I have a process which I send data to Cuda to process and it outputs data that matches a certain criteria. The problem is I often don't know the size out of outputted array. What can I do?
I send in several hundred lines of data and have it processed in over 20K different ways on Cuda. If the results match some rules I have then I want to save the results. The problem is I cannot create a linked list in Cuda(let me know if I can) and memory on my card is small so I was thinking of using zero copy to have Cuda write directly to the hosts memory. This solves my memory size issue but still doesn't give me a way to deal with unknown.
My intial idea was to figure out the max possible results and malloc a array of that size. The problem is it would be huge and most would not be used(800 lines of data * 20K possible outcomes = 16 Million items in a array..which is not likely).
Is there a better way to deal with variable size arrays in Cuda? I'm new to programming so ideally it would be something not too complex(although if it is I'm willing to learn it).
Heap memory allocation using malloc in kernel code is expensive operation (it forces CUDA driver initialize kernel with custom heap size and manage memory operations inside the kernel).
Generally, CUDA device memory allocation is the main bottleneck of program performance. The common practice is to allocate all needed memory at the beginning and reuse it as long as possible.
I think that you can create such buffer that is big enough and use it instead of memory allocations. In worst case you can wrap it to implement memory allocation from this buffer. In simple simple case you can keep last free cell in your array to write data into it next time.
Yes, the CUDA and all GPGPU stuff bottleneck is transfer from host to device and back.
But in kernels, use always everything known size.
Kernel must not do malloc... it is very very weird from the concept of the platform.
Even if you have 'for' - loop in CUDA kernel, think 20 times about is your approach optimal, you must be doing realy complex algorithm. Is it really necessary on the parallel platform ?
You would not believe what problems could come if you don't )))
Use buffered approach. You determine some buffer size, what is more dependent of CUDA requirements( read -> hardware), then of your array. You call a kernel in the loop and upload, process and retrieve data from there.
Ones, your array of data will be finished and last buffer will be not full.
You can pass the size of each buffer as single value (pointer to an int for example), what each thread will compare to its thread id, to determine do it if it is possible to get some value or it would be out of bounds.
Only the last block will have divergence.

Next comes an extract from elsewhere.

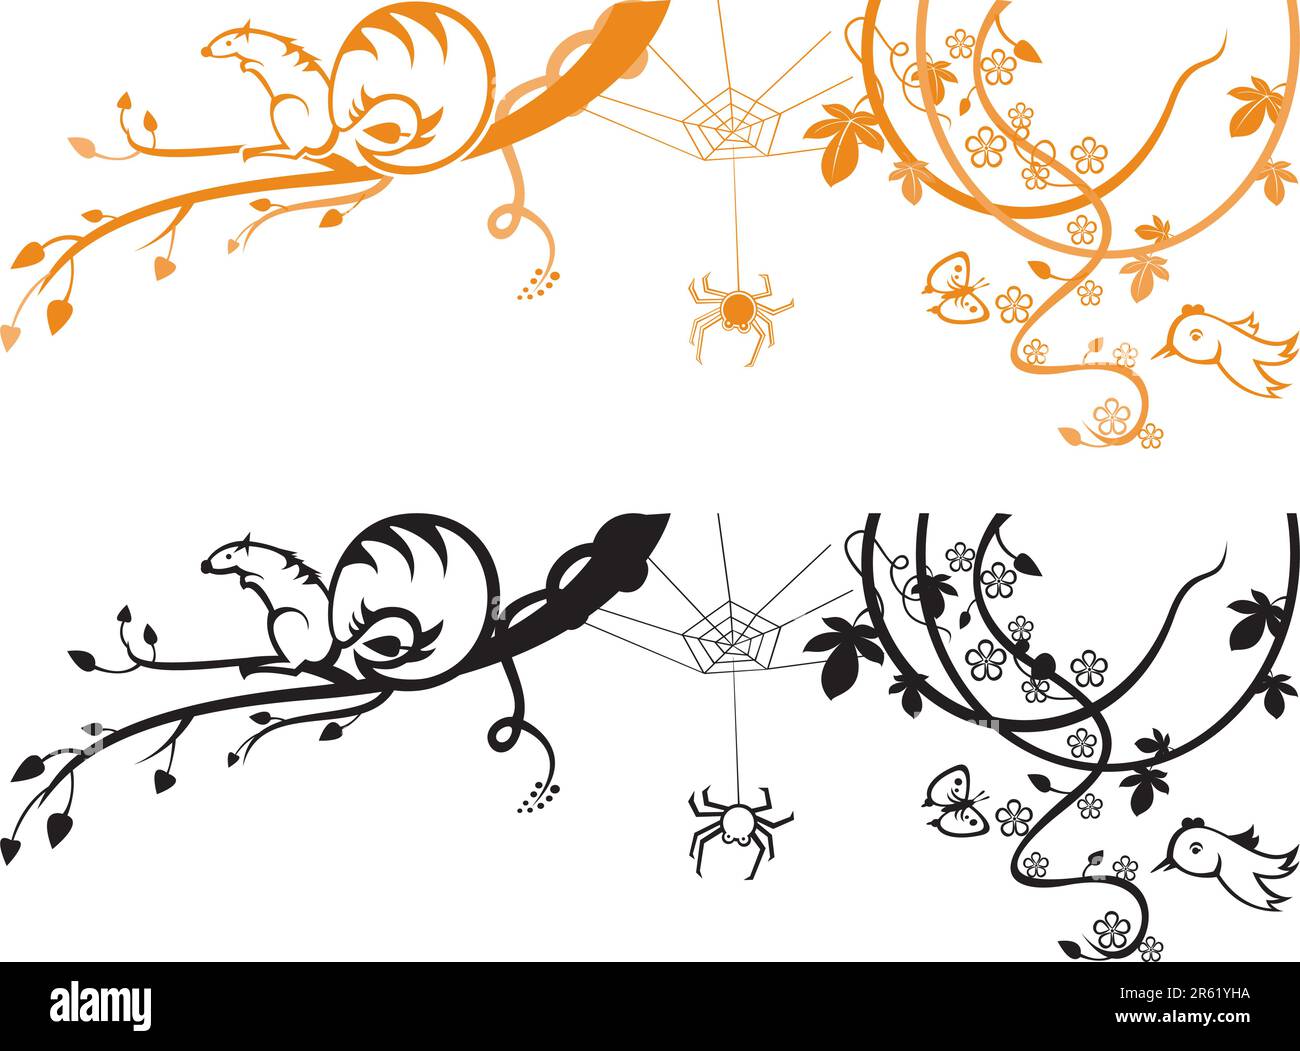 Un arrière-plan illustré avec un motif floral abstrait d'une araignée, d'écureuil et d'oiseaux sur un arbre. Illustration de Vecteur

Here is an useful link: https://devblogs.nvidia.com/parallelforall/using-shared-memory-cuda-cc/
You can do in your kernel function something like this, using shared memory:
__global__ void dynamicReverse(int *d, int n)
{
extern __shared__ int s[];
.....
}
and when you call the kernel function on host, having third parameter the shared memory size, precisely n*sizeof(int):
dynamicReverse<<<1,n,n*sizeof(int)>>>(d_d, n);
Also, it's a best practice to split a huge kernel function, if possible, in more kernel functions, having less code and are easier to execute.